Copy the entries below in full, keeping them exactly as they are.

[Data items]
::::::
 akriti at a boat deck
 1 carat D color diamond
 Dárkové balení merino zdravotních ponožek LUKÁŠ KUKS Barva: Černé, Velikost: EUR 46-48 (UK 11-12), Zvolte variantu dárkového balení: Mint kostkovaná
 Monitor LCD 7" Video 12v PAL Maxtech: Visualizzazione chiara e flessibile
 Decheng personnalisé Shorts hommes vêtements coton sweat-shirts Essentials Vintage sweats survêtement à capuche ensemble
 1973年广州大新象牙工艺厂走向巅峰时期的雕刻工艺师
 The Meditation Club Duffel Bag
::::::
Solved exercise:
 akriti at a boat deck
 1 carat D color diamond
 Dárkové balení merino zdravotních ponožek LUKÁŠ KUKS Barva: Černé, Velikost: EUR 46-48 (UK 11-12), Zvolte variantu dárkového balení: Mint kostkovaná
 Monitor LCD 7" Video 12v PAL Maxtech: Visualizzazione chiara e flessibile
 Decheng personnalisé Shorts hommes vêtements coton sweat-shirts Essentials Vintage sweats survêtement à capuche ensemble
 1973年广州大新象牙工艺厂走向巅峰时期的雕刻工艺师
 The Meditation Club Duffel Bag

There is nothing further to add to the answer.